= Guradamole, Somali (woreda) =

Administrative subdivision of Ethiopia

Guradamole is one of the woredas in the Somali Region of Ethiopia. Part of Guradamole is bounded on the south by the Ganale Dorya River which separates it from the Liben Zone, on the west by Kersa Dula, on the north by the Oromia Region, and on the east by Goro Bekeksa. Towns in this woreda include Haro Dibe and Qundi.

== Overview ==
The altitude of this woreda ranges from 200 to 1500 meters above sea level. The other perennial river in Gurradamole is Ganale or Ganaane Dorya, Mena River, Dumal and webi'elan. Gurradamole has very green highlands. As of 2008, this woreda has no all-weather gravel road or any community roads; about 12.3% of the total population has access to drinking water.
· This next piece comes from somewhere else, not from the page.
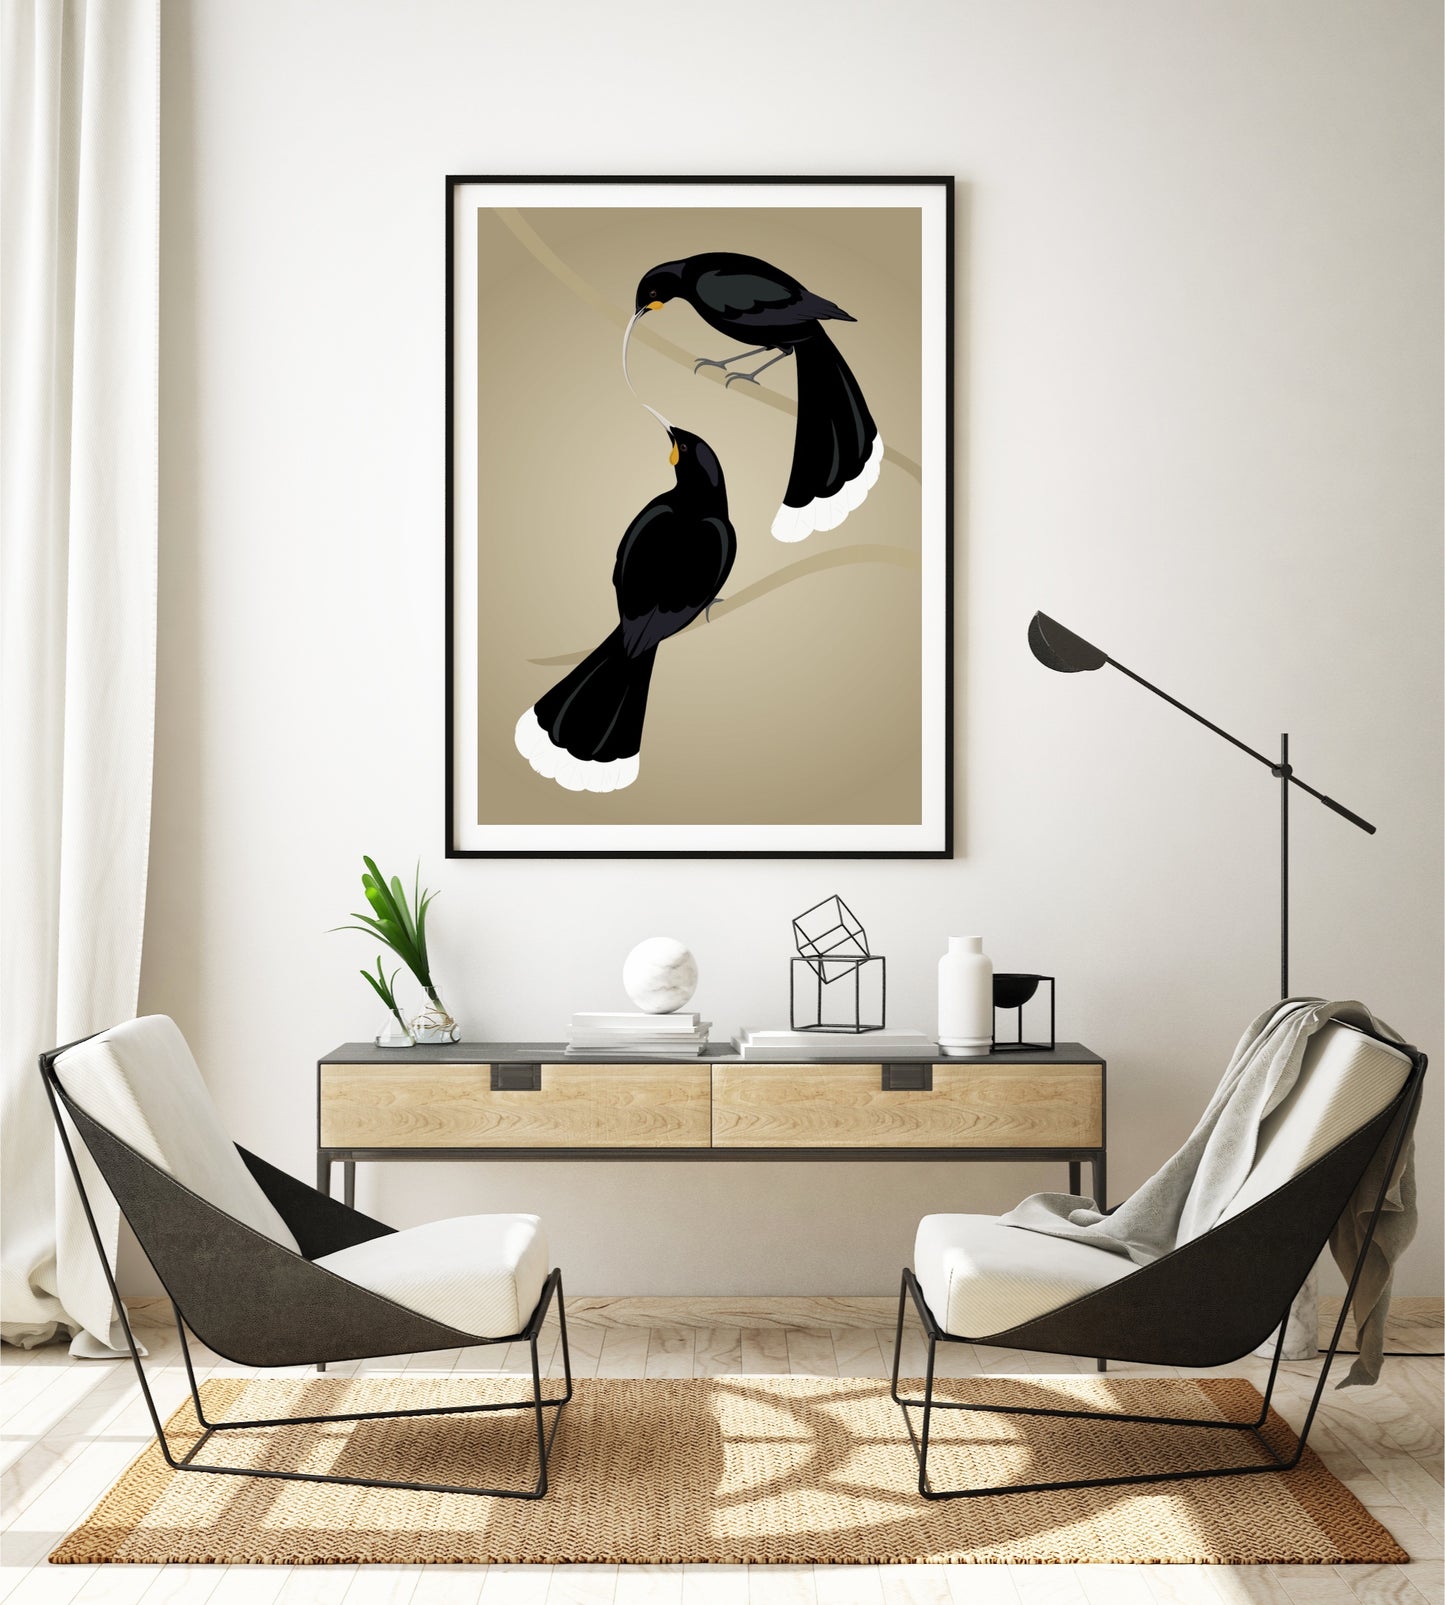 A0 Framed art print of the Huia birds of New Zealand, by Hansby Design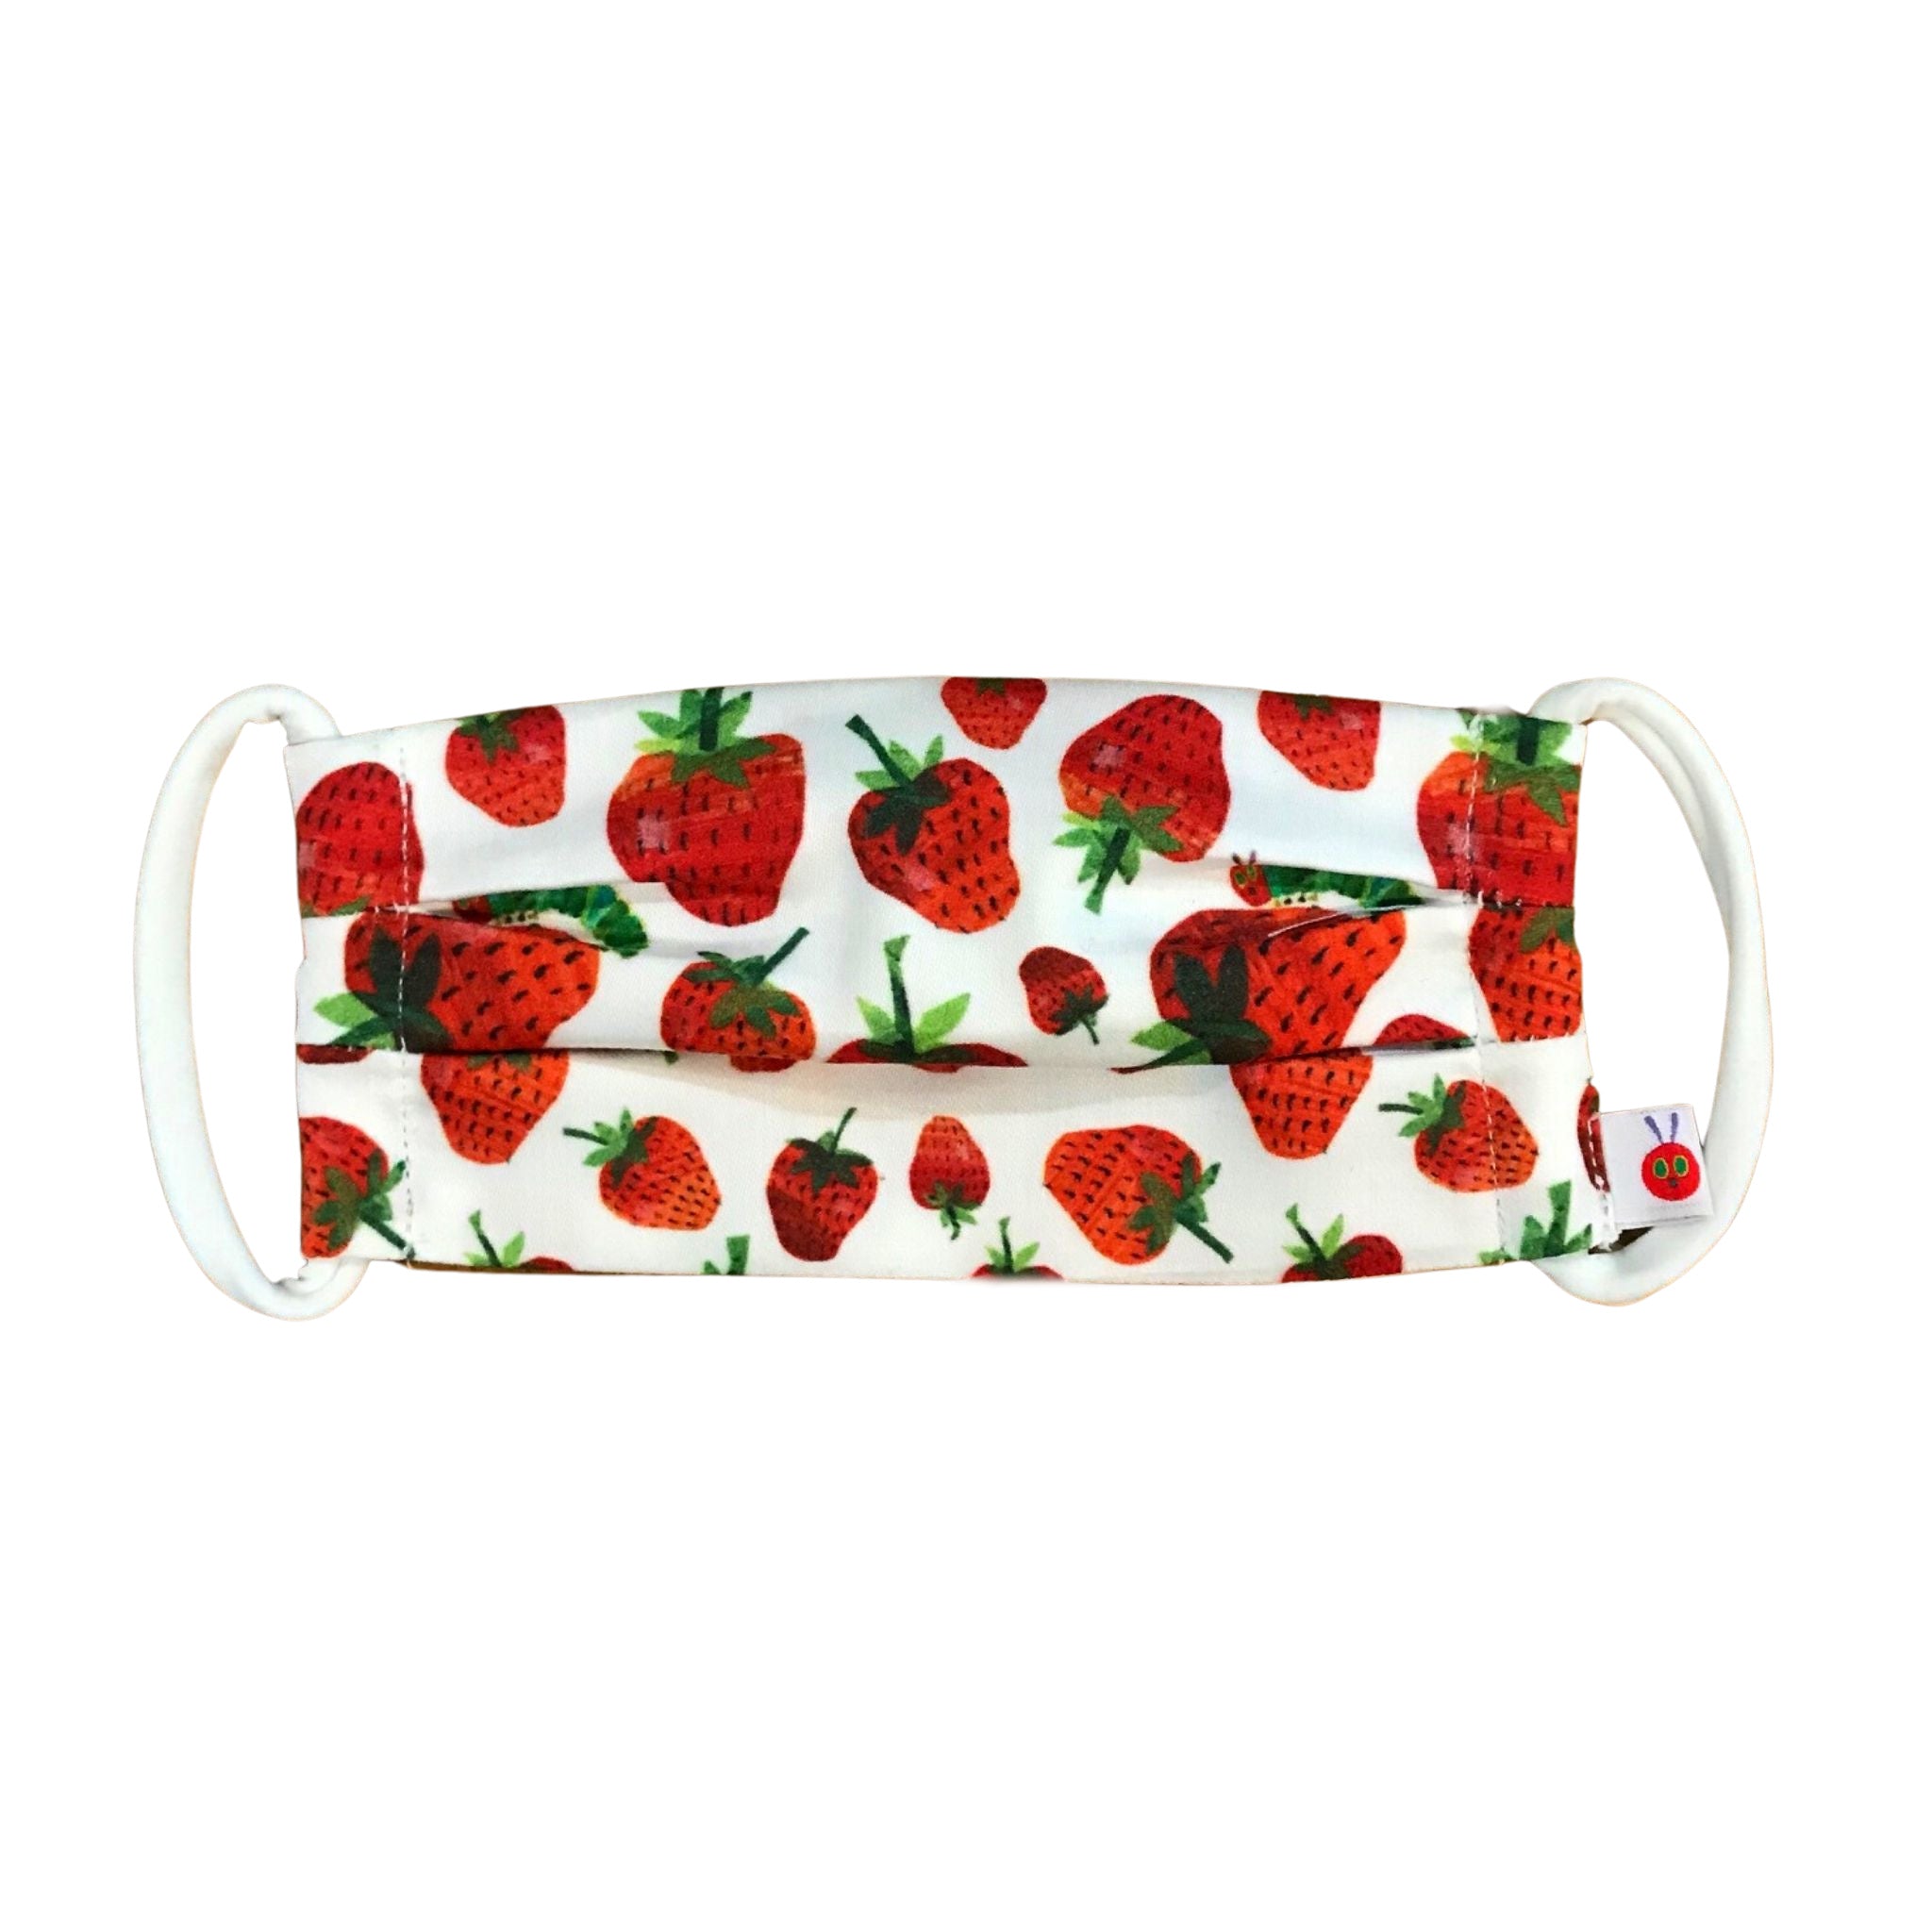 Very Hungry Caterpillar  Cotton Mask in World of Eric Carle  Strawberries Print

In October 2004, a referendum was held in about 420 kebeles in 12 woredas across five zones of the Somali Region to settle the boundary between the Oromo Region and the adjacent Somali Region. According to the official results of the referendum, about 80% of the disputed areas fell under Oromo administration, though there were numerous allegations of voting irregularities in many of them. The results led over the following weeks to minorities settled in these kebeles being pressured to leave. There were reports in February 2005 that an estimated 5,450 people expelled from Bale Zone in the Oromia Region as a result of the referendum had newly relocated to Harardubo. By April the number of refugees had swollen to 10,000–15,000 living in four camps.

== Demographics ==
Based on the 2007 Census conducted by the Central Statistical Agency of Ethiopia (CSA), this woreda has a total population of 79,841, of whom 41,255 are men and 28,586 women. While 967 or 4.87% are urban inhabitants, a further 14,074 or 70.93% are pastoralists. 99.5% of the population are Muslim.
This woreda is primarily inhabited by the Dir clan Gurra of the Somali people.

The 1997 national census reported a total population for this woreda of 3,090, of whom 1,375 were men and 1,715 were women; the census identified no urban inhabitants. (This total consists of an estimate for the inhabitants of all three rural kebeles in this woreda, which were not counted.)